WHAT TO PRODUCE: Transcribe the data that follows without changing a word, and omit the pictures.

---- RECORDED DATA

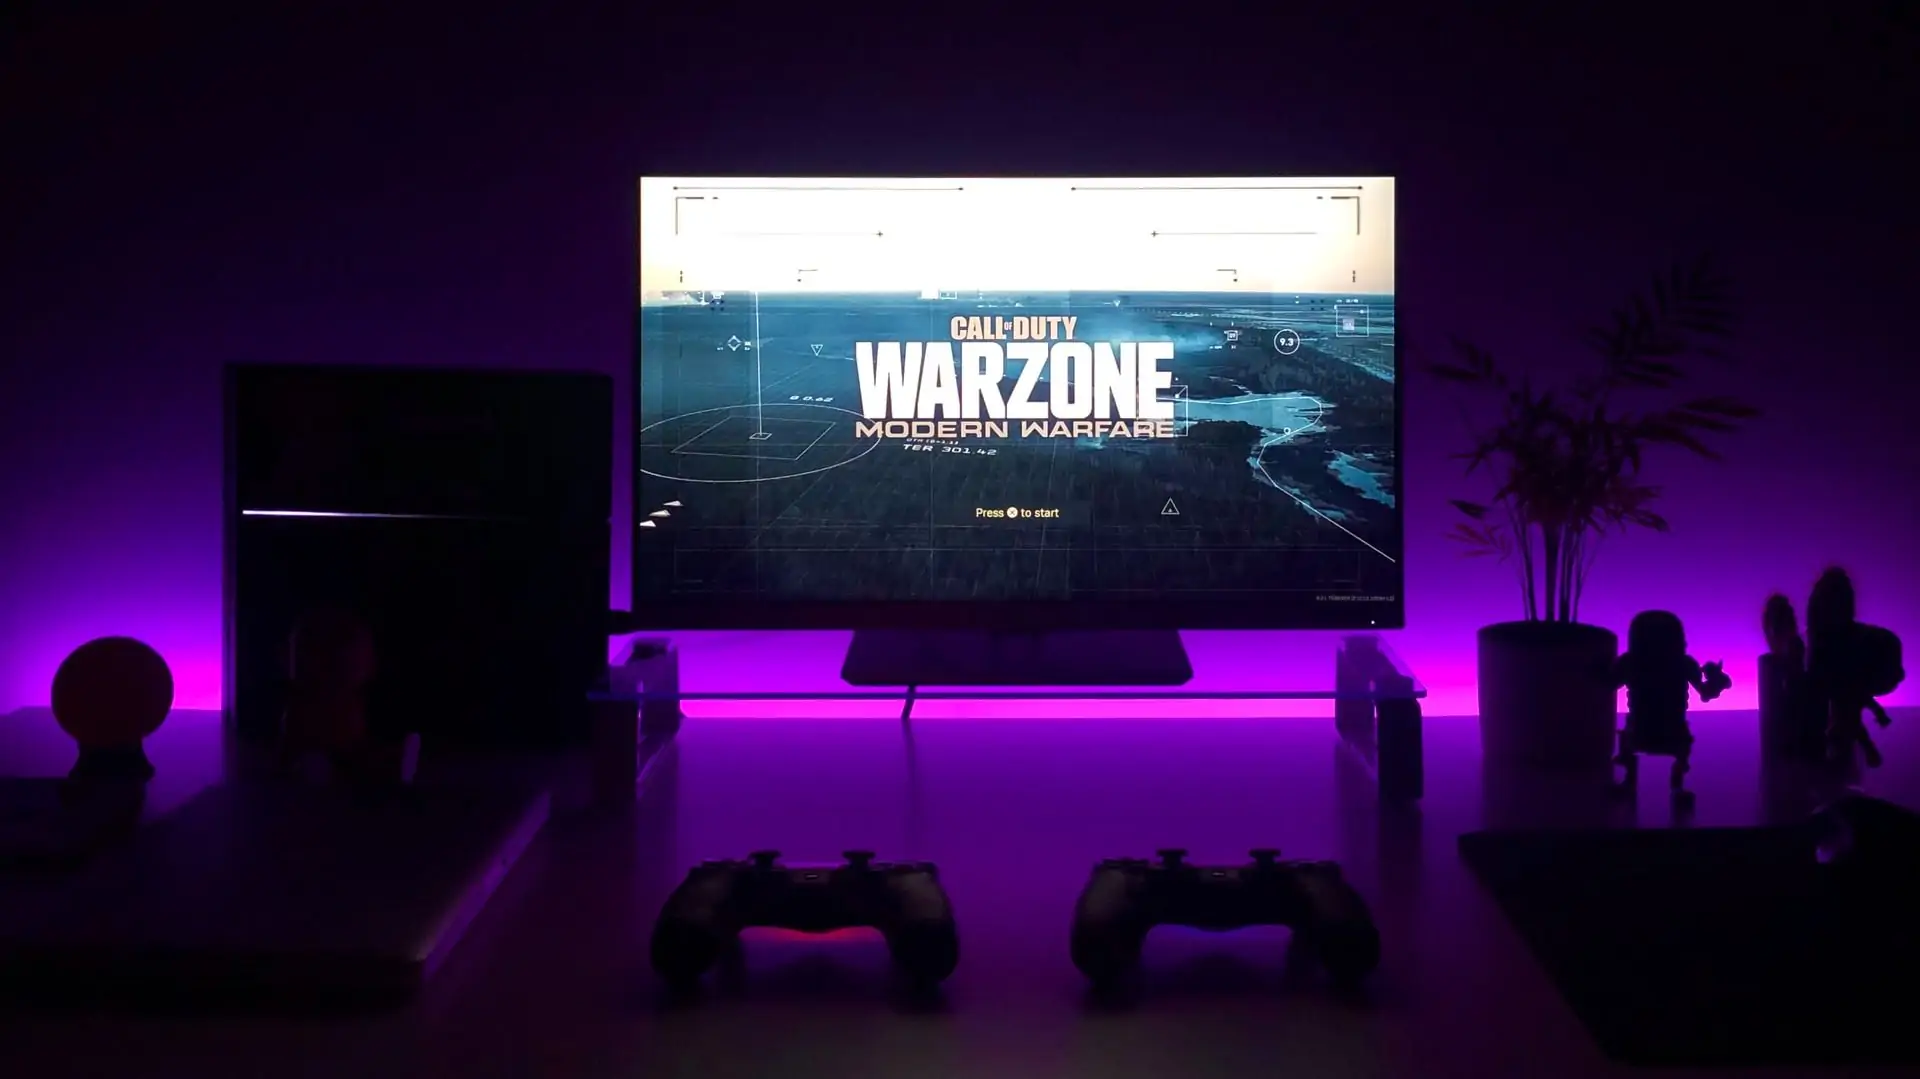 Tv op achtergrond met paarse LED verlichting, met Warzone op het scherm. Vooraanzicht
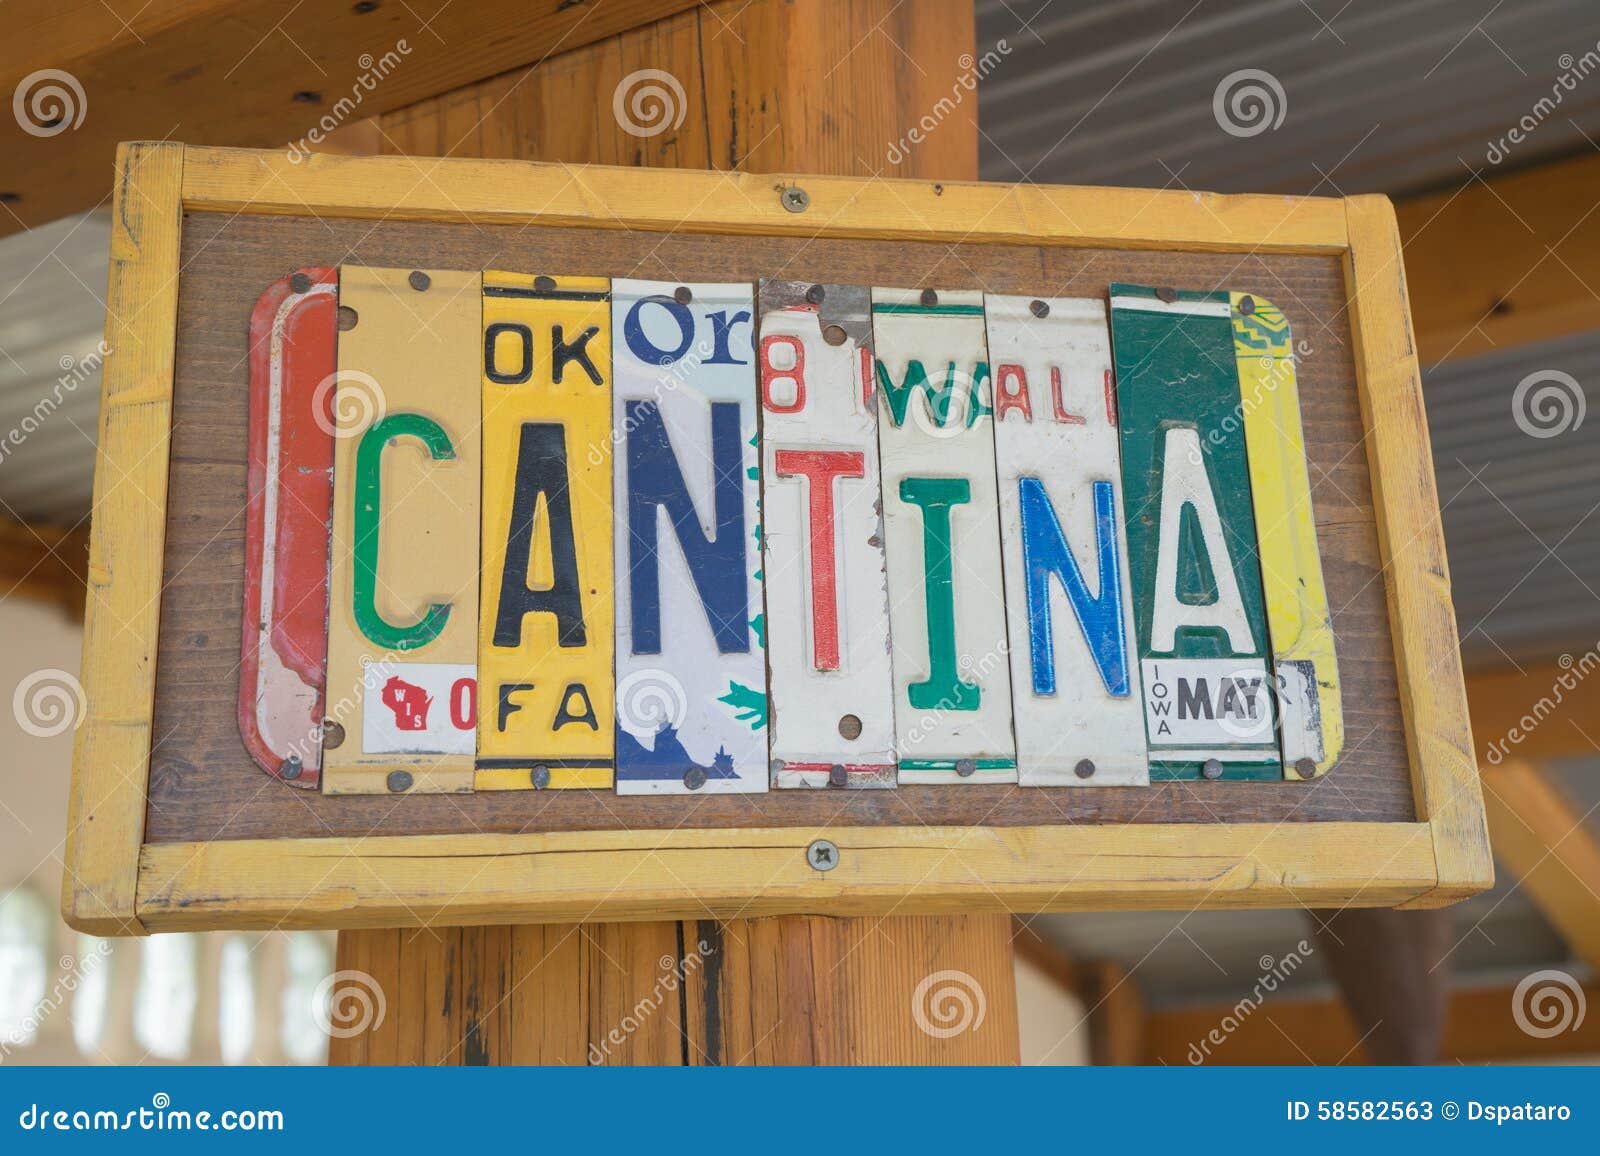 cantina sign
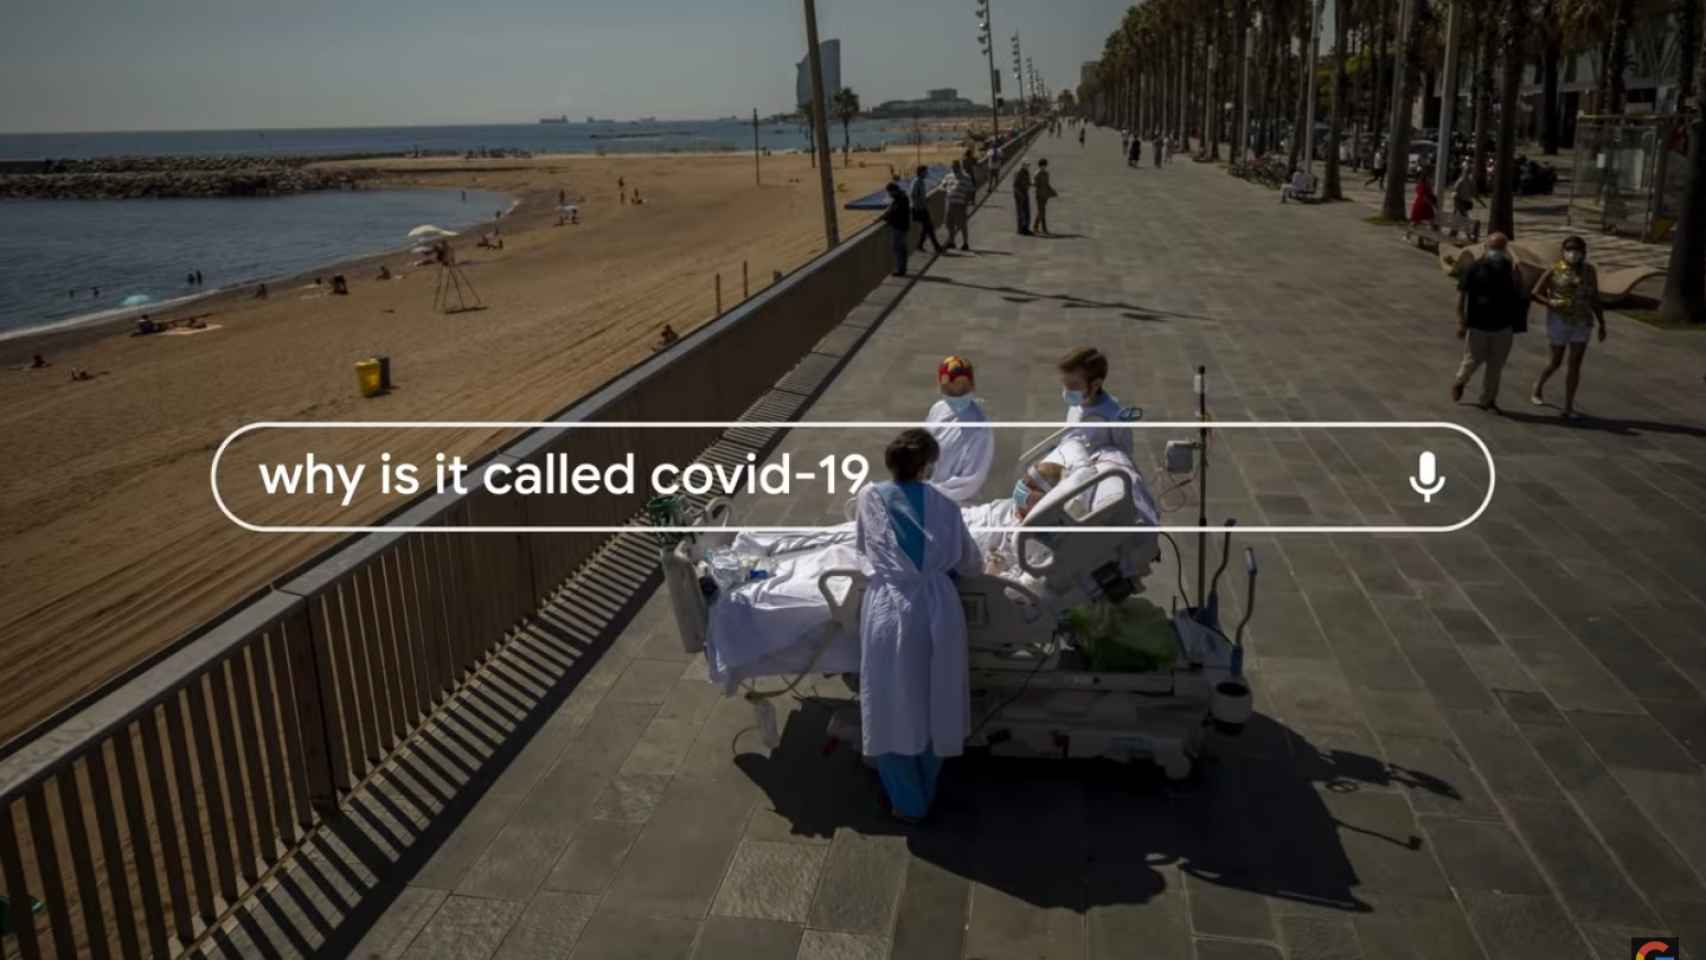 Imágenes de Barcelona en el vídeo resumen de Google de 2020

--------

YOUR RESPONSE:
 Tv op achtergrond met paarse LED verlichting, met Warzone op het scherm. Vooraanzicht
 cantina sign
 Imágenes de Barcelona en el vídeo resumen de Google de 2020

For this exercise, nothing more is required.